Search code examples
performancewindows-phone-7binaryxml

What does it mean to convert an XML document to binary?


I am having a performance issue with XDocument.Load("large_file.xml"), where it takes about 25 seconds to load the file.

I read in this question that using a binary format could offer up to a 10x performance increase.

What does a binary format look like? How do you go about converting an XML file to it?


Solution

  • Lets start with the implied question:

    Q: What is a Binary format?

    A: It is a format in which data is represented in a non-textual form. For example, a Java int might be represented as 4 bytes, rather than a sequence of decimal digits and a sign.

    Q: What does it look like?

    A: If you view it with a text editor / viewer, it looks like garbage.

    Q: How do you go about converting an XML file to a binary form?

    A: By hand. Since a binary format is essentially a format (any format) that is not text, there is no magical method of converting it.

    Q: How and why is a binary format faster?

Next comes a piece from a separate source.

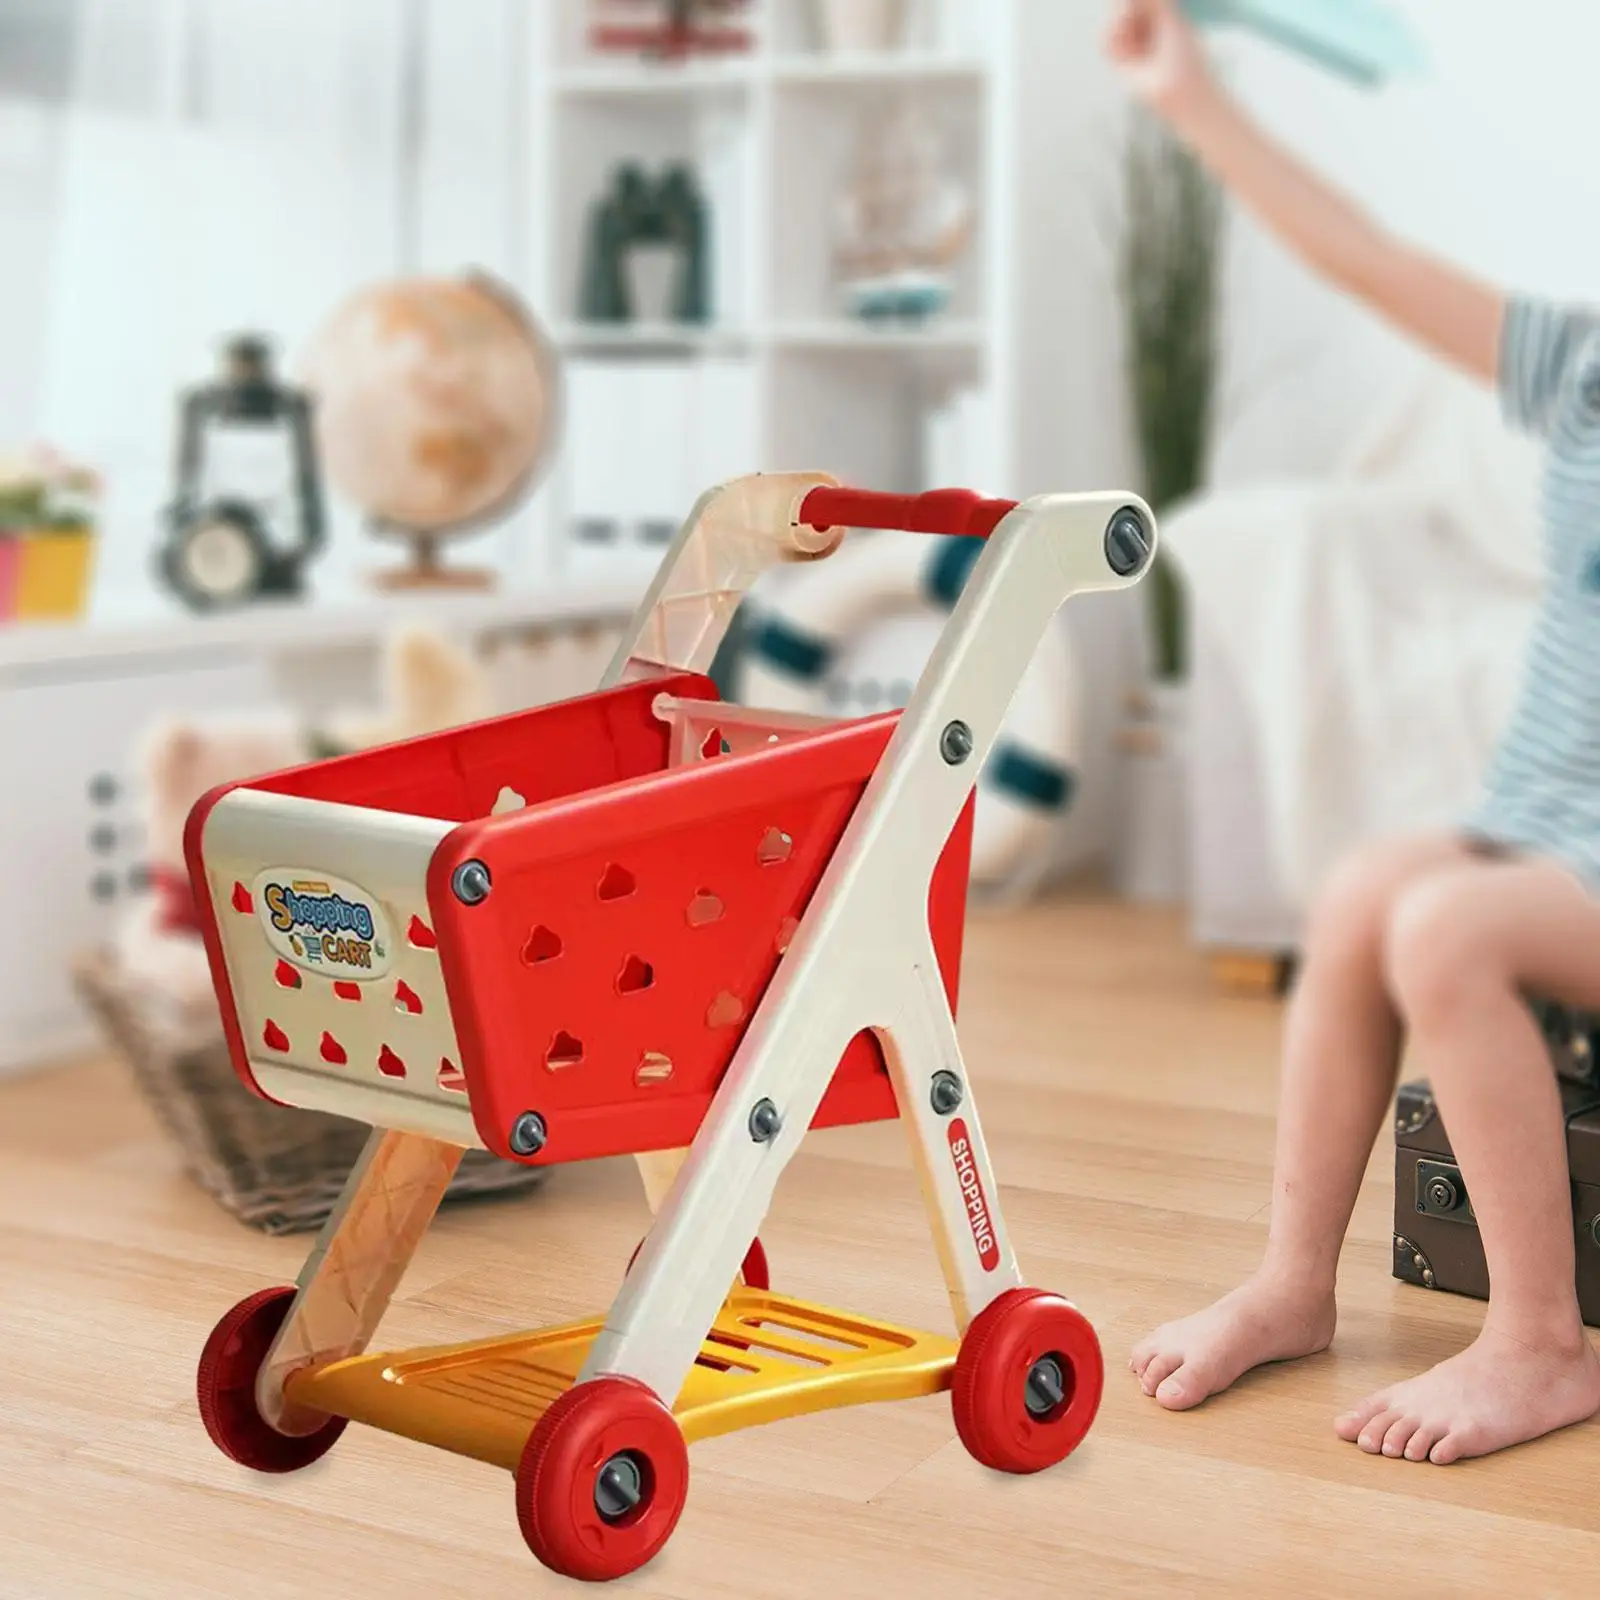 Mini Shopping Cart Toy Pretend Play Mart Shopping Cart for Preschool Girls and Boys Baby Ages 3 and up Learning Development

    A: A binary format isn't automatically faster to load than XML (or JSON). The idea is that you (the programmer) design a specific binary format for your application that will be faster to load. You typically do this by such things as:

    • avoiding the inclusion of verbose / repetitive structuring information (e.g. XML tag and attribute name),
    • using data encodings that require less CPU effort to turn into the in-memory representations,
    • avoiding the inclusion of unnecessary metadata,
    • avoiding things that require extra in-memory data copying,
    • and so on.